Project Euler : Finding The nth Digit Of The Fractional Part Of Irrational Number

The Problem 40 of Project Euler required just a pencil and a paper to get the answer. We are given an irrational decimal fraction by concatenating consecutive integers:

0.123456789101112131415 …

The $12^{th}$ digit of this irrational number is 1 and is denoted as $d_{12}$ . The problem requires us to determine the product:

$d_1$ x $d_{10}$ x $d_{100}$ x $d_{1000}$ x $d_{10000}$ x $d_{100000}$ x $d_{1000000}$

A simple enumeration of digits and their positions works out easily.

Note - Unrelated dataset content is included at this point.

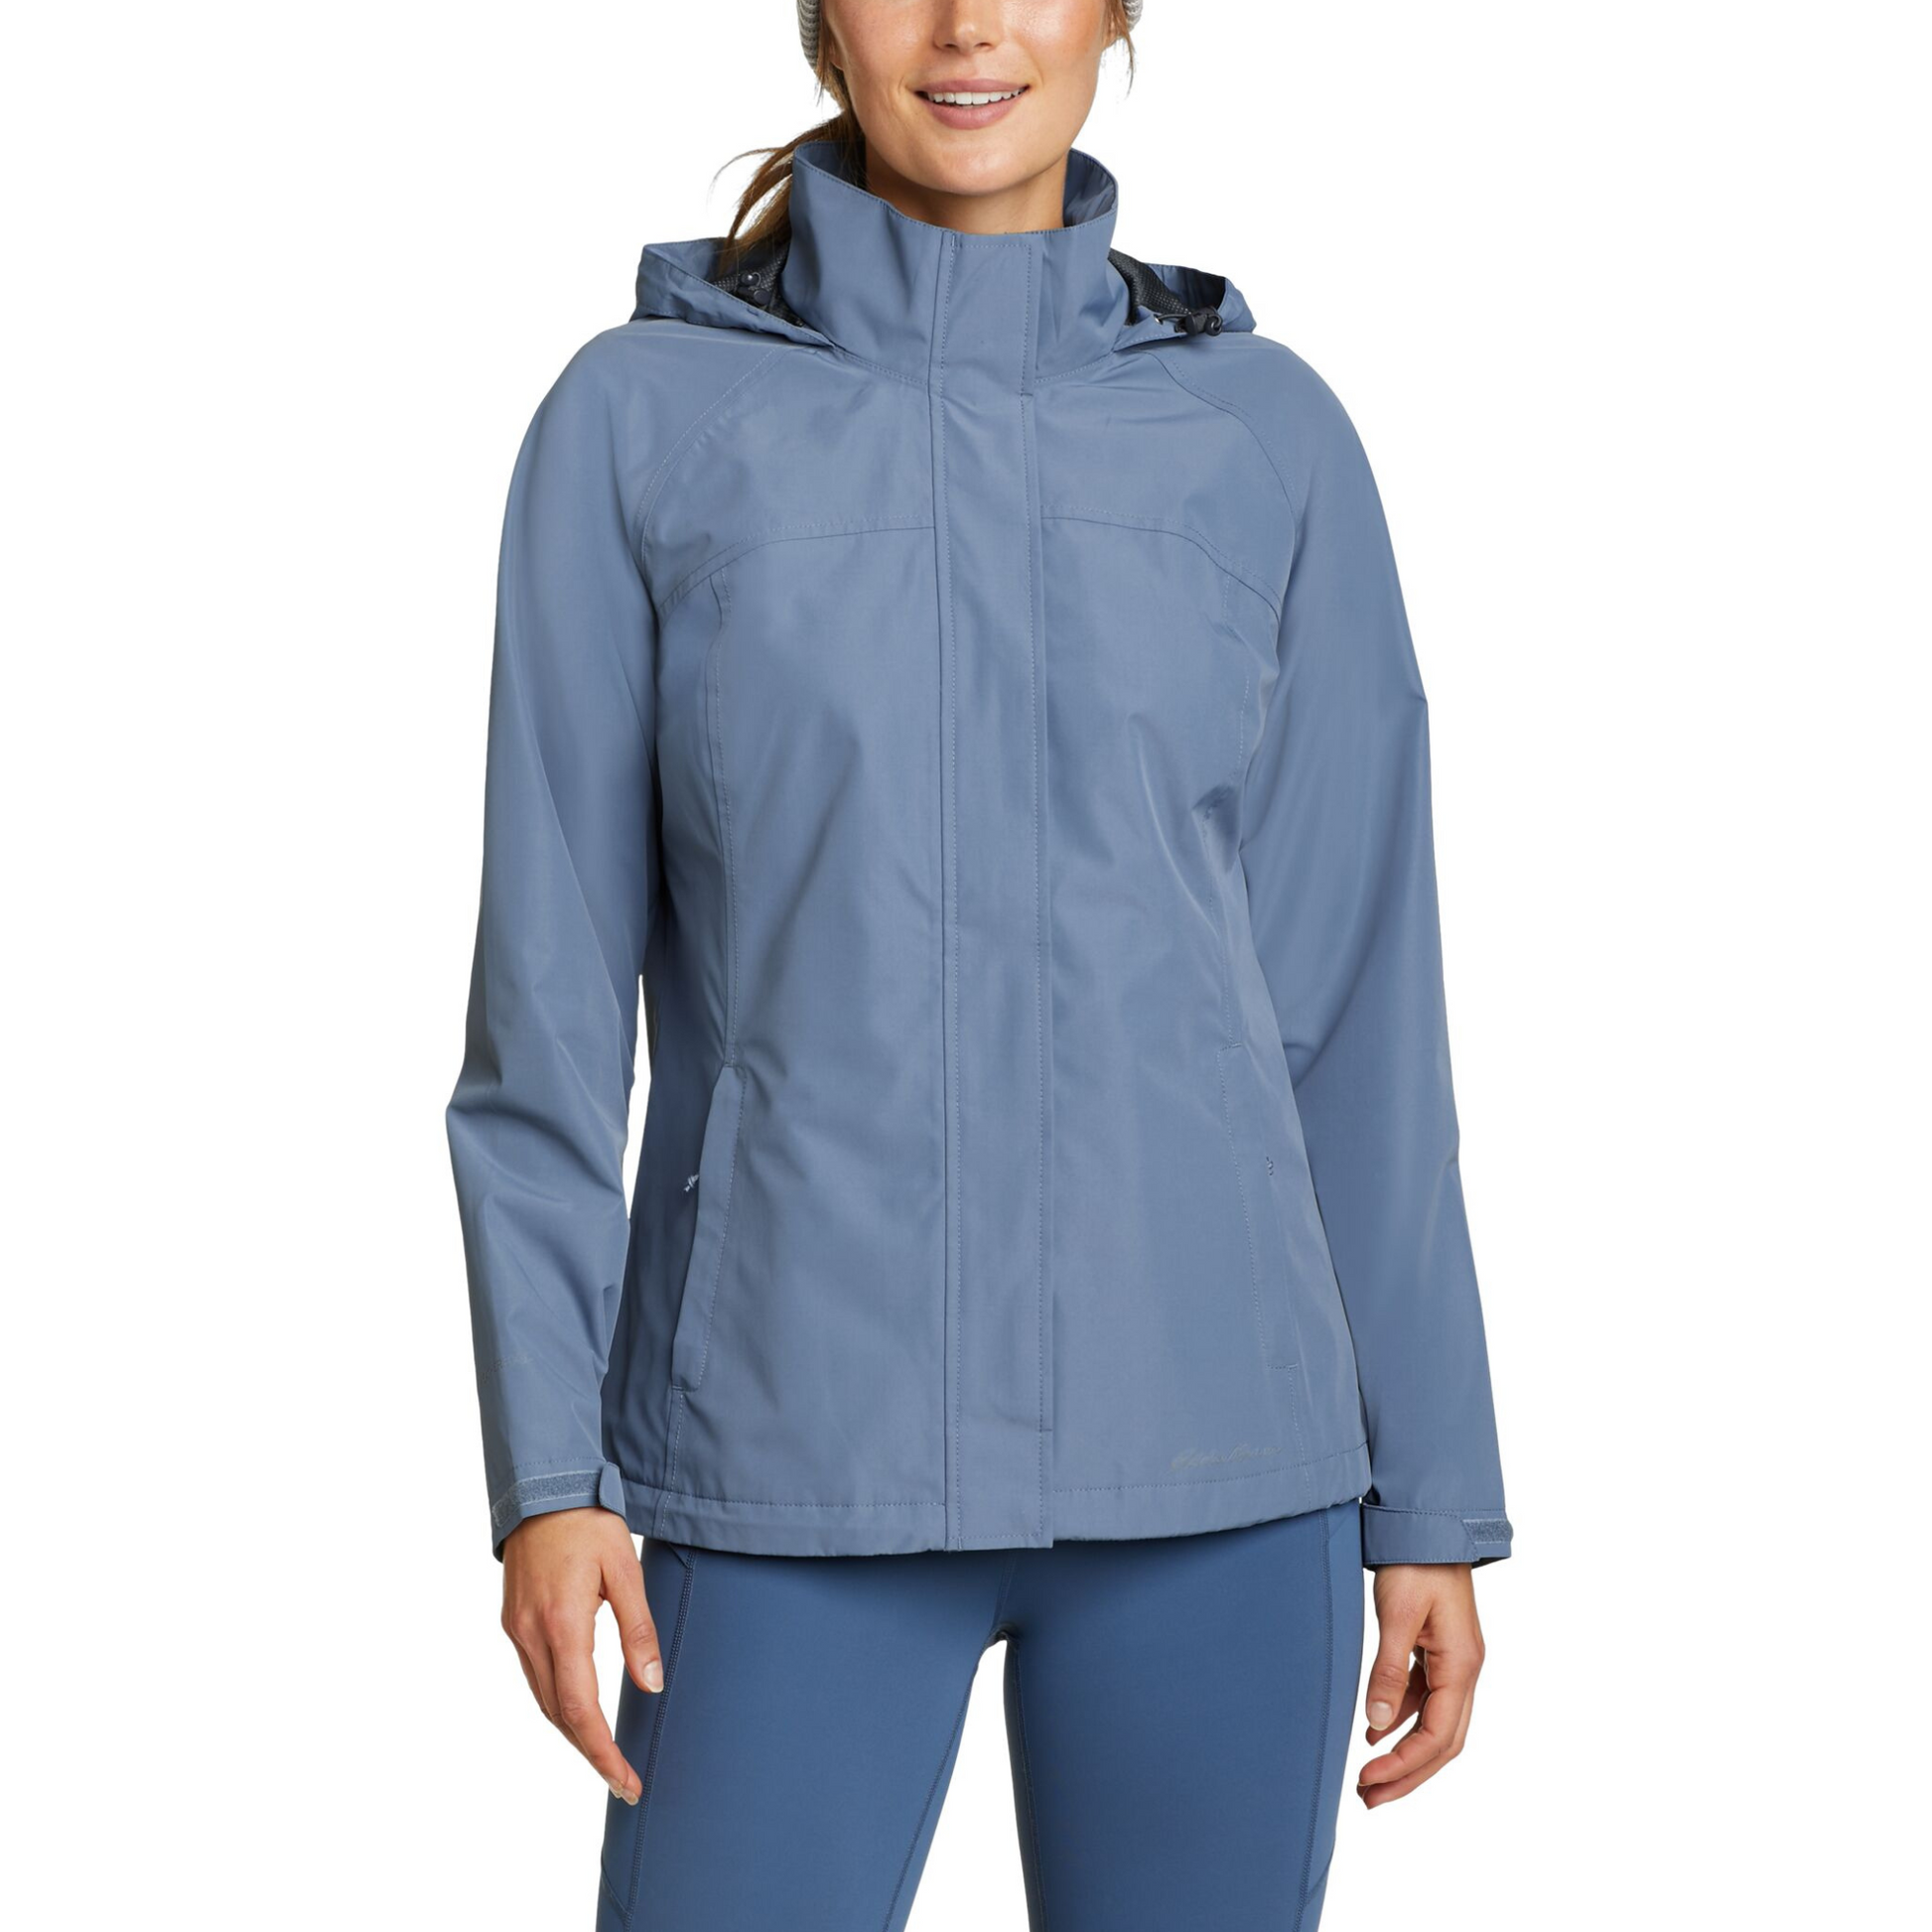 Chaqueta Rainfoil Packable Eddie Bauer Mujer Azul | Outdoor Adventure Colombia
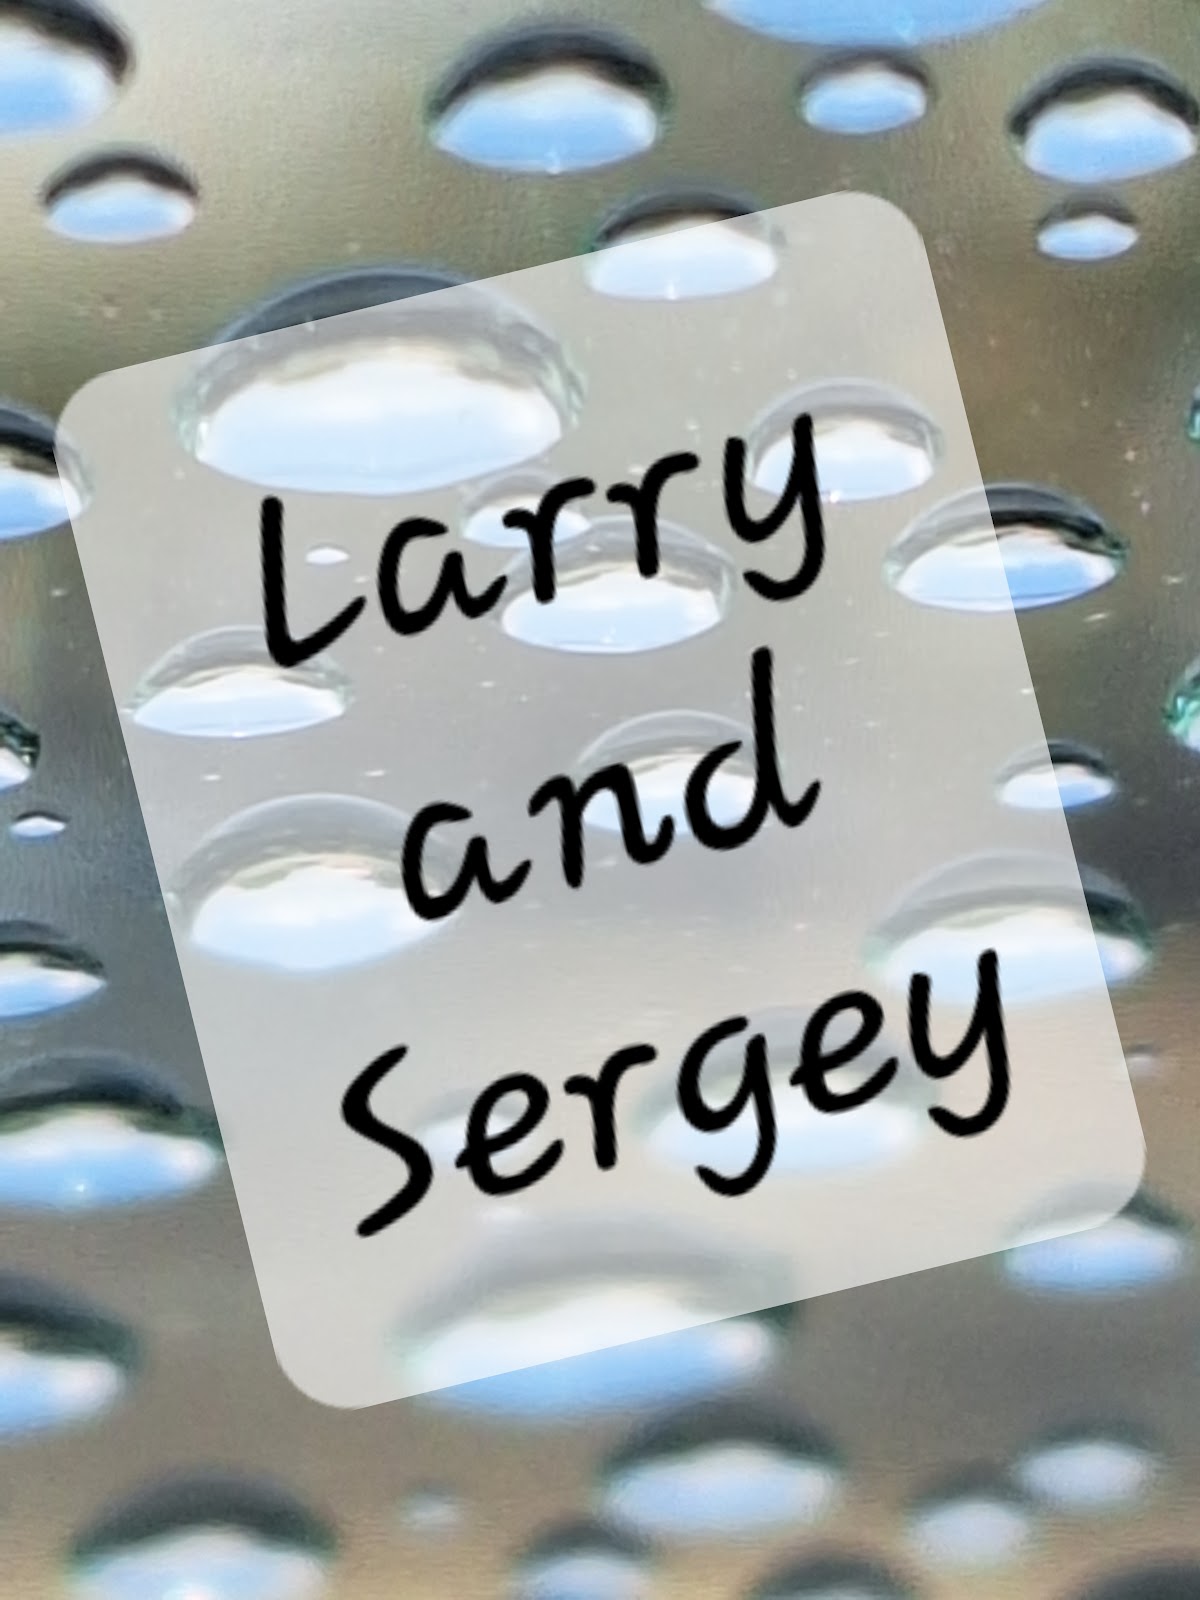 larry and sergey

To begin with, there are only 9 single digit numbers, namely, 1 – 9. So the first 9 places are occupied by single digit numbers. Next, there are 90 double digit numbers from 10 – 99. So these occupy a total of 180 places. We have now accounted for 189 places in out irrational number.

Determine the digits $d_{100}$ and $d_{1000}$ are as simple as illustrated below:

For $d_{100}$ :

Excess from last known digit position = 100 – 9 = 91

Numbers crossed in 91 positions = 91 / 2 = 45

Since the remainder is 1, we want the 1st digit of the 46th number from the one that appeared on position 9.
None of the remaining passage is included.